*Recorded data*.
————
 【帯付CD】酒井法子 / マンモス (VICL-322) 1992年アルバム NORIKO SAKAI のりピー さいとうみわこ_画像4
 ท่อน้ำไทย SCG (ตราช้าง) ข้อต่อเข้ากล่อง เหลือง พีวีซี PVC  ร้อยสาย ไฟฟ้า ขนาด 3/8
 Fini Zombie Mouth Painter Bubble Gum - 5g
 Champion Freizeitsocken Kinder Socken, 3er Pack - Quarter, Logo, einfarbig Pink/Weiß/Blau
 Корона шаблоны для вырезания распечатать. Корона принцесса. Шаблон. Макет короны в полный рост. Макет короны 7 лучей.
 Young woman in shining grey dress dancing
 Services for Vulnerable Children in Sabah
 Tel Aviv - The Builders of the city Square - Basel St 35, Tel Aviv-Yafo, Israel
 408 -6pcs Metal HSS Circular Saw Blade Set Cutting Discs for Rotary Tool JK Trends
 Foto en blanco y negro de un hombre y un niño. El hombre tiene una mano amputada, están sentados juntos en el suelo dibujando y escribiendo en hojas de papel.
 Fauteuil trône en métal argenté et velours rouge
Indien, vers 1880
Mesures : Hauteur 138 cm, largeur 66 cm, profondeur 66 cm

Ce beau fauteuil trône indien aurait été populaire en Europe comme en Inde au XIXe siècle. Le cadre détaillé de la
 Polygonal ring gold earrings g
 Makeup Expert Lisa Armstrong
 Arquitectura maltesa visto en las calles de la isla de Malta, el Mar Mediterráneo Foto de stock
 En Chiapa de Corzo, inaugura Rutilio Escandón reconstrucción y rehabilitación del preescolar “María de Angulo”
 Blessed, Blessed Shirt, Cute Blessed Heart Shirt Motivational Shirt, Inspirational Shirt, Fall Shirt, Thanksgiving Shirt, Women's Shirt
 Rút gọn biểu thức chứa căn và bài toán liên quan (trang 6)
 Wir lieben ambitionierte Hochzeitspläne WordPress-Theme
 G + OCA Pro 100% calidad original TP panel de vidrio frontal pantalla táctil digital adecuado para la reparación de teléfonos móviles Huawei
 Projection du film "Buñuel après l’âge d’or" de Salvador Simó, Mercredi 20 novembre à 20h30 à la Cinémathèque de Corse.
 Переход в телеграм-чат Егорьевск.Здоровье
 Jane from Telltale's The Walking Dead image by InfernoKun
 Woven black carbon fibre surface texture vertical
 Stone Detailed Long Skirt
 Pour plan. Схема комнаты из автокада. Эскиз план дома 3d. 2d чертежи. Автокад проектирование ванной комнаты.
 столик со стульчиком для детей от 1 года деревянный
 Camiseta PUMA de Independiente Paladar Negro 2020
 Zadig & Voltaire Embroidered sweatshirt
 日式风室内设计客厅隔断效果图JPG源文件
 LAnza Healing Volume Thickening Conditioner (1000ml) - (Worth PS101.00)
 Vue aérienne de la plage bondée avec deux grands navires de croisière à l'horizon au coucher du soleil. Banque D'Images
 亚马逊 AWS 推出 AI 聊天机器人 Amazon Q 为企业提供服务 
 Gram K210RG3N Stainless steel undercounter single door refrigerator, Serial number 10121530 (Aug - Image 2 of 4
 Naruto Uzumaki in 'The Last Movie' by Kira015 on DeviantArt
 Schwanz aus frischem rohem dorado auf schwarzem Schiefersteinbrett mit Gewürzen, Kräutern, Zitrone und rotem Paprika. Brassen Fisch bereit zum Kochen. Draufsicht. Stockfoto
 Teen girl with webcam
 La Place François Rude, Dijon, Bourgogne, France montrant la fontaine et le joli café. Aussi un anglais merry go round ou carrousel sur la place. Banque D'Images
————
*Instructions to follow*. Search the records for the word "trône", then list every line that has it.

*Task solution*.
 Fauteuil trône en métal argenté et velours rouge
Ce beau fauteuil trône indien aurait été populaire en Europe comme en Inde au XIXe siècle. Le cadre détaillé de la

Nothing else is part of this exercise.